3) Processing and labelling issues in produce lines
Items like frozen spinach (foreign material) and dried fruit sulphites (labelling or excessive levels) remind us that produce risk is not only “farm chemistry”. It is also sorting, packing, and documentation discipline.
Complete list of recalled fresh produce
Fruits and vegetables
- Dried figs (Turkey): Ochratoxin A [4 separate notifications], Aflatoxin B1, total aflatoxins, tenuazonic acid
- Oranges (Spain): Chlorpyrifos-methyl
- Spinach, frozen (Belgium): Plastic foreign bodies
- Eggplant (Turkey): Formetanate
- Pomegranates (Syria): Chlorpyrifos, cypermethrin
- Apricots, dried (Uzbekistan): Sulfur dioxide (unlabeled allergen)
- Apricots, dried with kernels (Afghanistan): Sulfur dioxide (excessive levels)
- Pickled beets (Syria): Rhodamine B (unauthorized dye)
- Plum compote (Hungary): Elevated hydrocyanic acid (7.4 mg/kg)
Cereal products
- Wheat flour (Italy): Incorrect gluten allergen labeling
- Breakfast cereals (Lithuania): Metal shavings (foreign objects)
- Flaxseed (France): Cadmium
- Corn kernels, organic (France): Zearalenone
- Waffles (Russia): Titanium dioxide (E171)
- Polenta (Italy): GMO above limits
- Wheat gluten (Belgium): Ochratoxin A
Herbs and spices
- Paprika powder (China): Missing import controls
- Chicken tikka masala (Pakistan): Aflatoxin B1
- Cumin powder (India): Tolfenpyrad
- Biryani masala (India): Ethylene oxide
- Spice mixes (United States): Ethylene oxide, mineral oil aromatic hydrocarbons (MOAH)
Nuts and seeds
- Pistachios, shelled (United Arab Emirates): Aflatoxin B1, total aflatoxins
- Peanuts (United States): Aflatoxin B1, total aflatoxins
- Sesame seeds (Sudan): Absence of official certificates
Geographic risk patterns

Graph 2: Top 5 Countries with the Most RASFF Alerts (Week 2)
This week’s map looks different depending on whether you are buying fresh produce or scanning the whole food market.
Fresh produce
- Turkey accounted for 6 of 14 produce notifications, driven mainly by dried figs and mycotoxins, plus one pesticide case in eggplant.
- Syria showed up twice in produce, once for pesticides in pomegranates and once for an unauthorised dye in pickled beets.
- Spain and Belgium remind buyers that internal EU supply is not “risk free”: oranges were flagged for an unauthorised pesticide substance, and frozen spinach for foreign material.
All categories
- United States (7) was largely tied to higher risk “value-added” segments in this dataset (supplements and mixed products), not field crops.
- Italy (6) mixed labelling, contaminants, and animal product issues, showing how processing and final presentation can create recalls even when raw materials are not the root cause.
- China (5) leaned heavily toward packaging, migration, or documentation-type issues in the notices recorded here, plus one tea-related chemical flag.
What this week should tell farmers and buyers
Last week exposed a more complex risk landscape than the previous one.

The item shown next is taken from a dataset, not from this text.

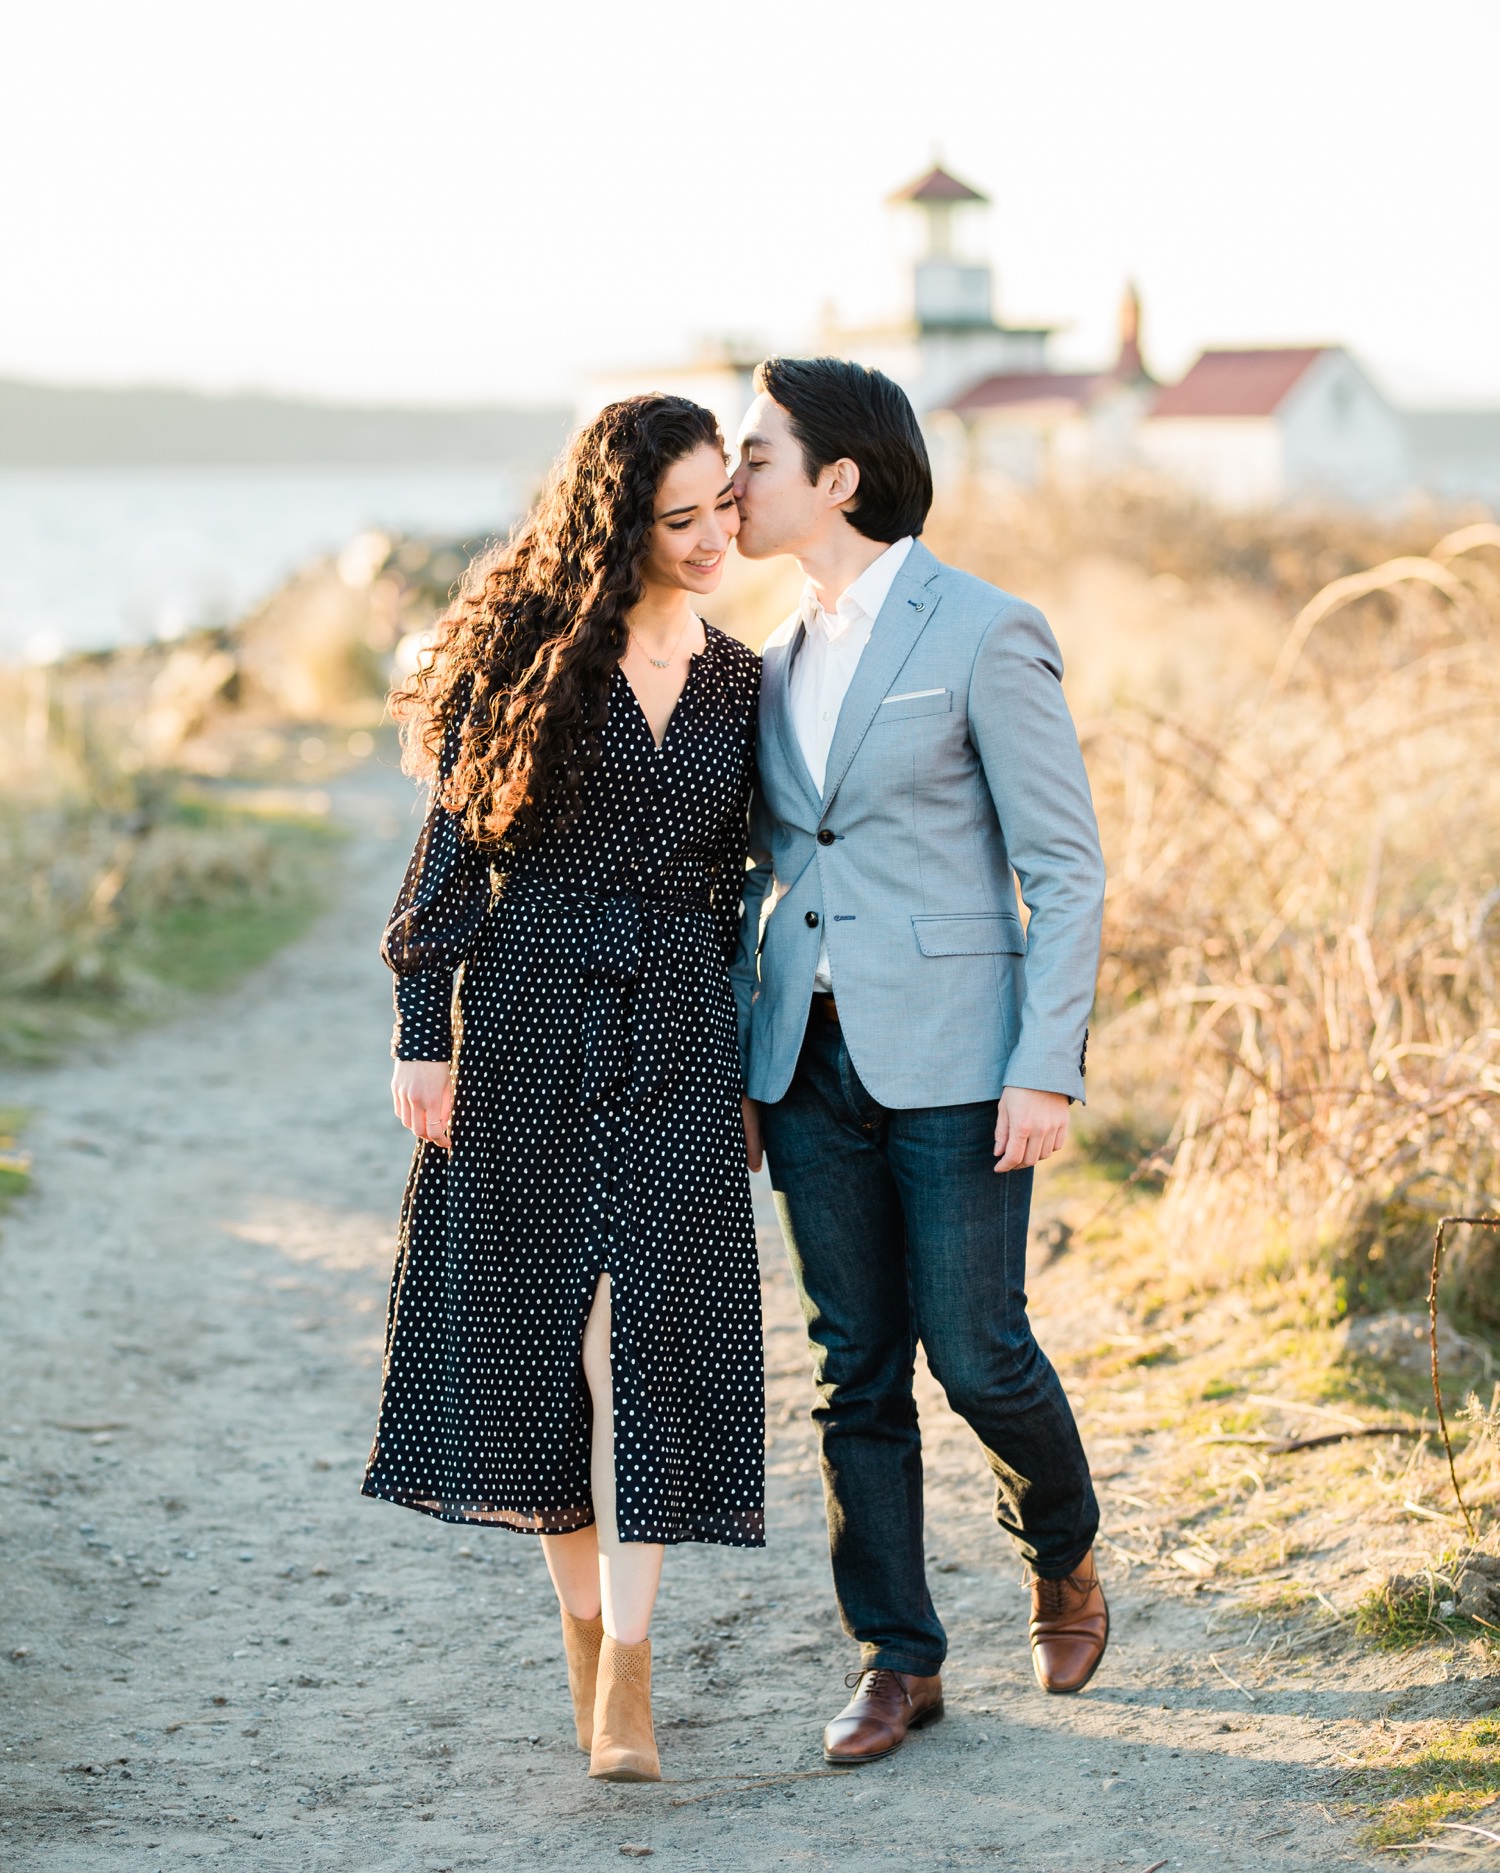 Romantic Engagement Photos at Discovery Park in Seattle. Cameron Zegers Photography
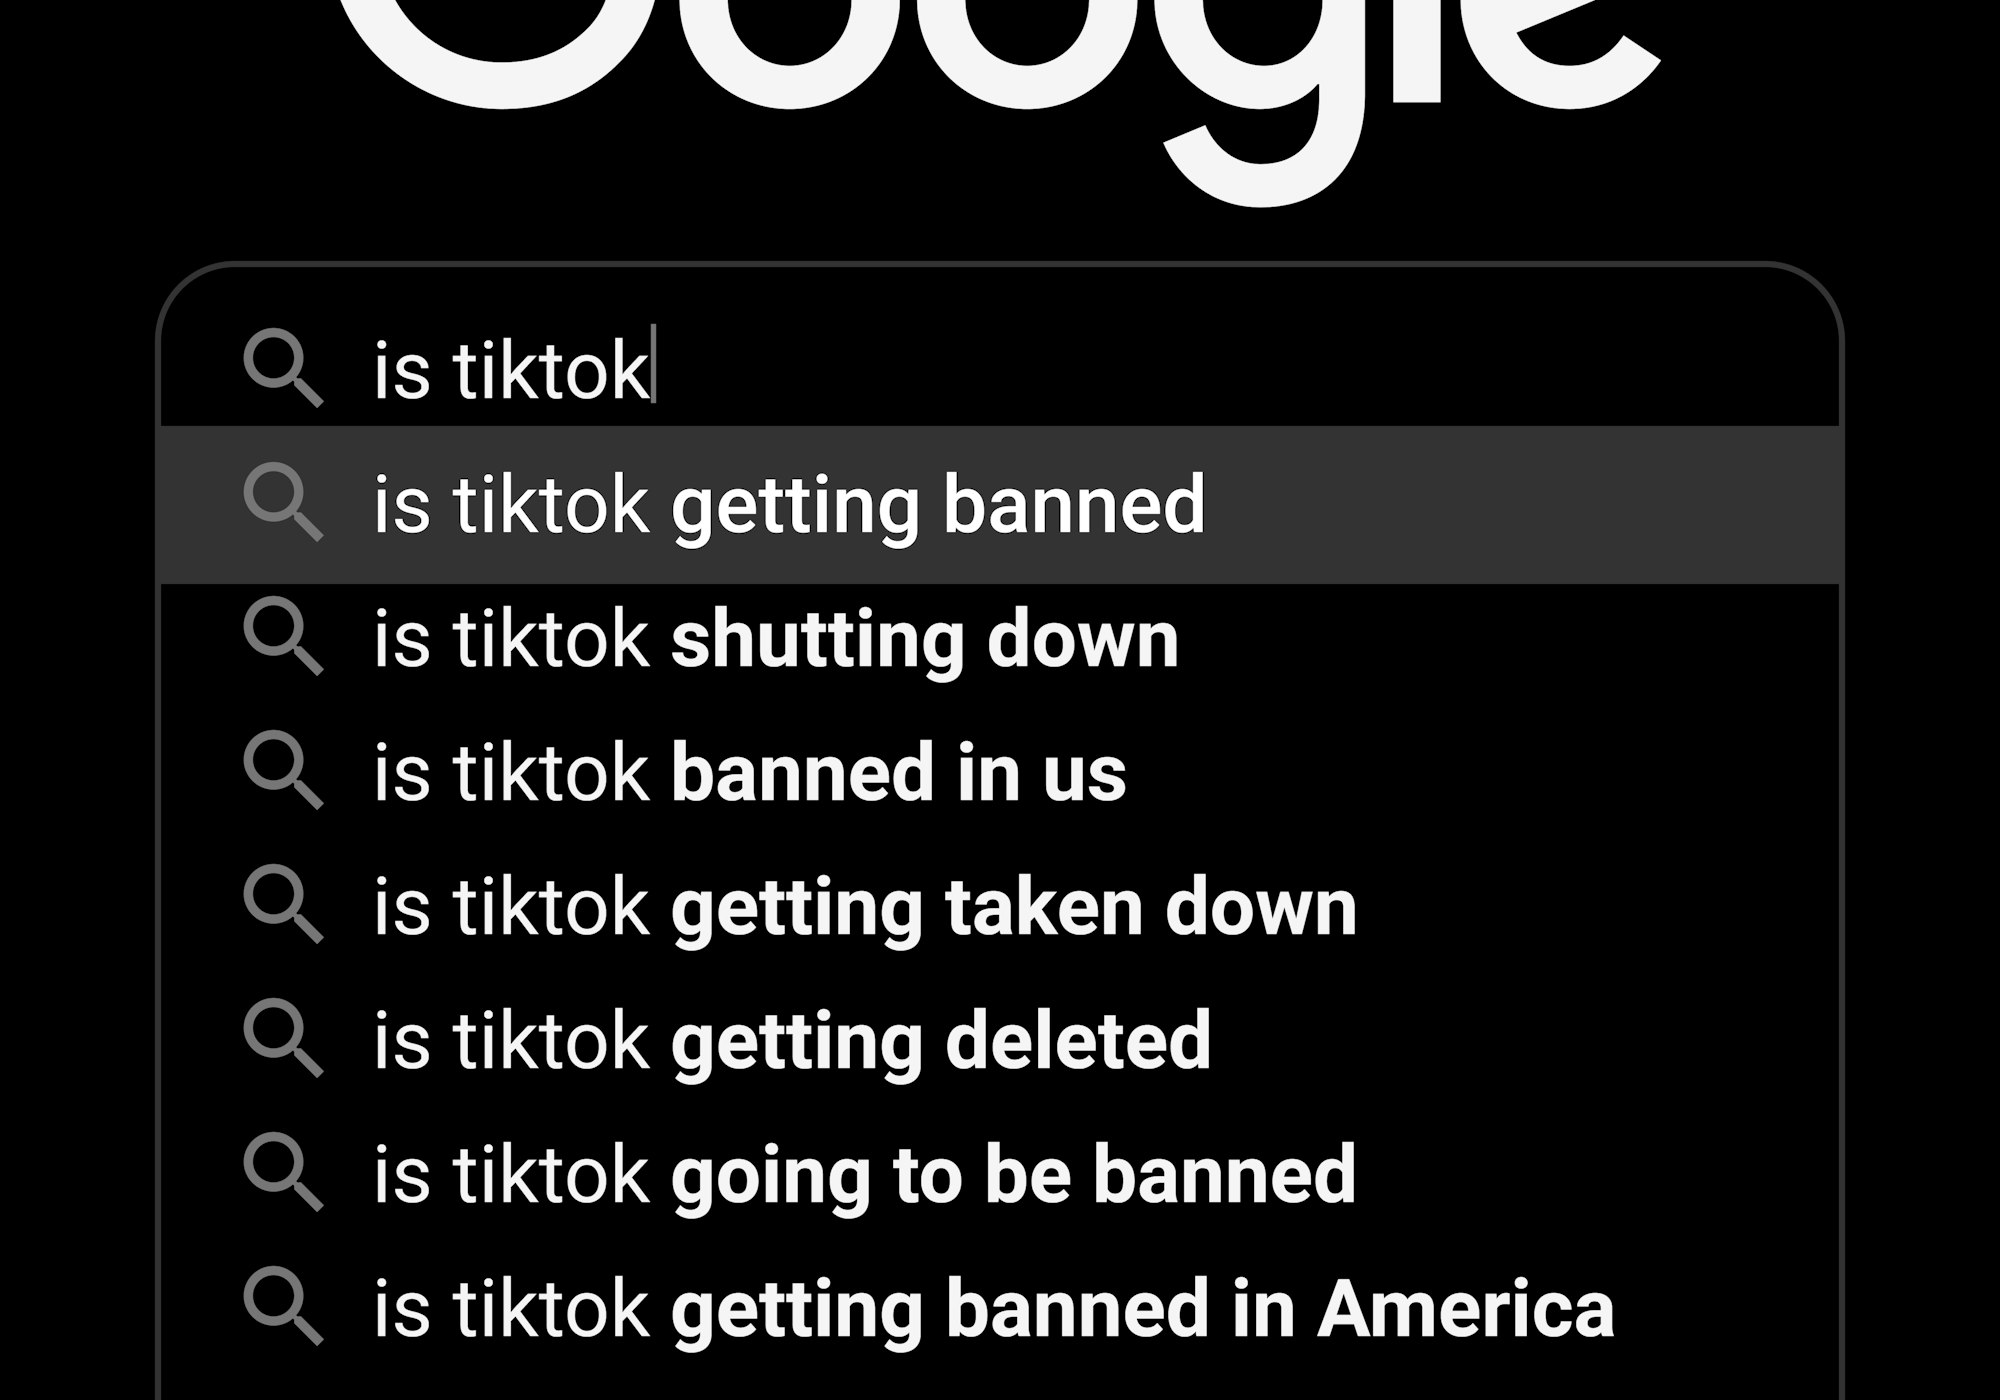 TikTok faces a potential permanent ban in the US

Fresh produce alerts declined, but pathogen detections surged. Mycotoxins remained pervasive, yet infant formula contamination dominated headlines. Unauthorized additives appeared in bakery goods from developed markets, while pharmaceutical adulterants infiltrated supplements marketed as natural.
For produce buyers, the practical lesson is simple: do not build a single-issue control plan. This week’s data is split almost perfectly between mycotoxins, pesticides, and microbiological problems. A procurement strategy that focuses solely on pesticide testing or only concerns pathogens will still overlook a third of what is actually driving actions at the EU level.